Feb. 14 (Bloomberg) -- Chile’s central bank probably will keep the benchmark interest rate unchanged today after booming retail sales and a drop in the jobless rate reduced the scope for a repeat of last month’s unexpected rate cut.
Policy makers, led by central bank President Rodrigo Vergara, will keep the overnight rate at 5 percent, according to the median estimate of 20 analysts surveyed by Bloomberg. The bank will announce its decision after 6:00 p.m. local time.
Europe’s debt crisis and five interest rate increases last year haven’t caused economic growth to slow as quickly as policy makers forecast in December, maintaining the pressure on consumer prices. The central bank may have acted too soon in cutting rates last month and will temporarily stop its cycle of easing today, Alonso Cervera, an analyst at Credit Suisse Group AG in Mexico City, said by telephone.

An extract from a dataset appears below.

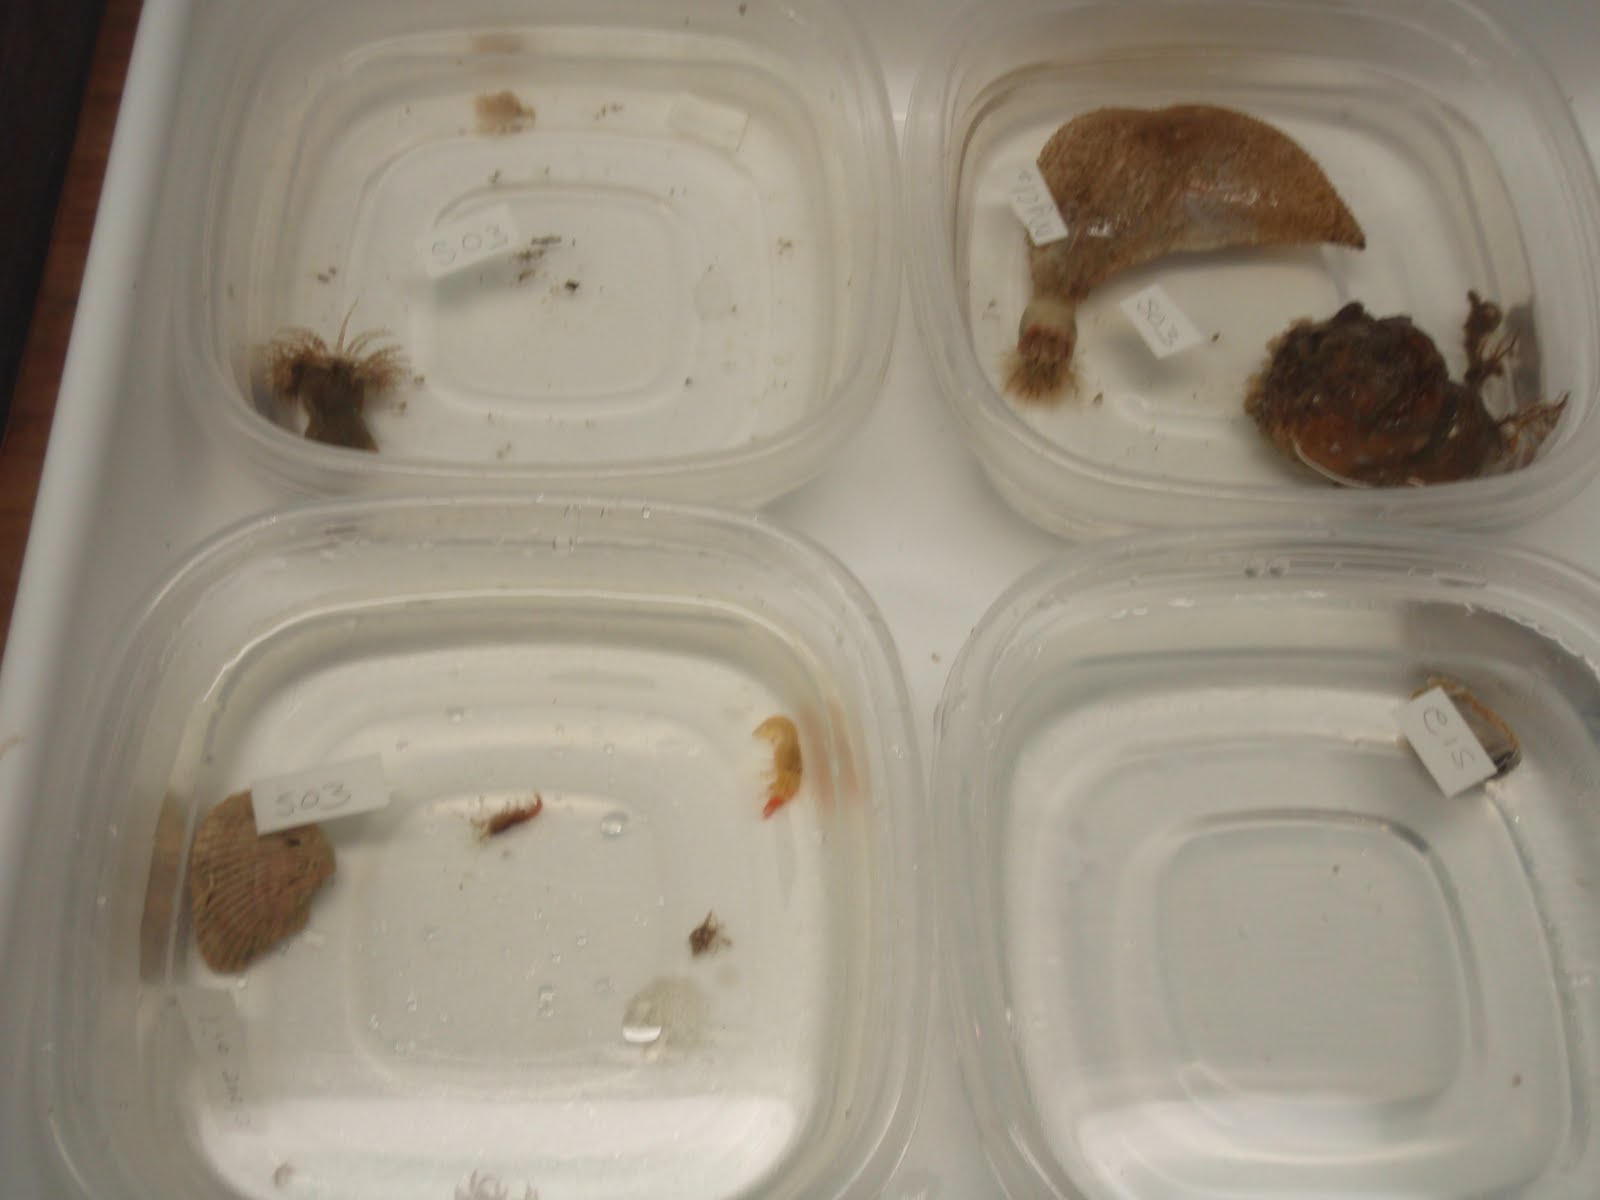 specimens laid out relaxing in tupperware containers

“The deceleration hasn’t been that clear and inflation of late hasn’t been as low as the central bank expected, especially in December,” he said. “We do expect more reductions, but later in the year.”
After keeping the rate at 5 percent today, policy makers will cut borrowing costs to 4.75 percent by May and 4.5 percent by August, according to the median estimate of 56 traders and investors surveyed by the central bank on Feb. 7.
Latin American central banks have taken a mixed approach to accelerating inflation and prospects for slower growth abroad, with Brazil cutting rates, Mexico keeping them on hold and Colombia opting for an increase. Policy makers must be ready to act if the European crisis deteriorates, the International Monetary Fund said Feb. 2.
“A weaker world economy and softer commodity prices translate into a gloomier outlook,” Nicolas Eyzaguirre, director of the Washington-based fund’s Western Hemisphere department, wrote in a blog on the IMF website. “Be ready to ease monetary policy, where strong institutions and low inflation would permit it.”
Chile’s inflation has exceeded the central bank’s target range of 2 percent to 4 percent in the past two months as economic growth surged from 4 percent in November to a higher-than-forecast 5.3 percent in the last month of the year.
Also in December, the unemployment rate unexpectedly fell half a point to 6.6 percent, the lowest level since before the 2009 recession. That, plus a surprise 10.1 percent surge in retail sales in December, increases the odds the government won’t implement a contingency plan to boost employment and investment in 2012.
“The country truly is showing great capacity to grow,” acting Finance Minister Julio Dittborn told reporters in Valparaiso on Jan. 31. “Obviously, things could change.”
Chile’s gross domestic product probably increased 6.3 percent last year, exceeding the central bank’s December forecast of 6.2 percent, the minister said following publication of December growth data. GDP gains will slow this year, with the economy expanding between 3.75 percent and 4.75 percent, the central bank said in its quarterly monetary report on Dec. 20.
Meanwhile the global economy has shown signs of improving, with a decline in the U.S. unemployment rate. Greek lawmakers also have come closer to averting a default by approving austerity plans to secure rescue funds.
“More calm has been seen in markets, with a decline in risk premiums, a generalized appreciation of currencies against the U.S. dollar and an increase in the price of raw materials,” the central bank’s research department said in a report posted on the institution’s website yesterday.
Policy makers may continue cutting rates to soften the peso, which has gained 7.8 percent against the U.S. dollar this year, Bret Rosen, a Latin America strategist at Standard Chartered Bank in New York, wrote in a Feb. 8 report. The peso fell 0.5 percent to 481.95 per U.S. dollar at 9:43 a.m. Santiago time.
The reasons behind the decision to cut rates last month haven’t changed, such as concerns that the external environment remains weak and inflation estimates haven’t breached the central bank target, Rosen wrote.
Two-year breakeven inflation, which is derived by the difference between nominal and inflation-indexed yields, was 3.09 percent at 9:05 a.m. Policy makers target 3 percent inflation over a two-year horizon, plus or minus 1 percentage point.
“The monetary authority has emphasized the forward-looking nature of its decision-making process,” Rosen wrote in the report e-mailed to investors. “Staying on hold risks sending a confusing message to the market, while supporting inflows to the Chilean peso, which faces substantial appreciation pressures.”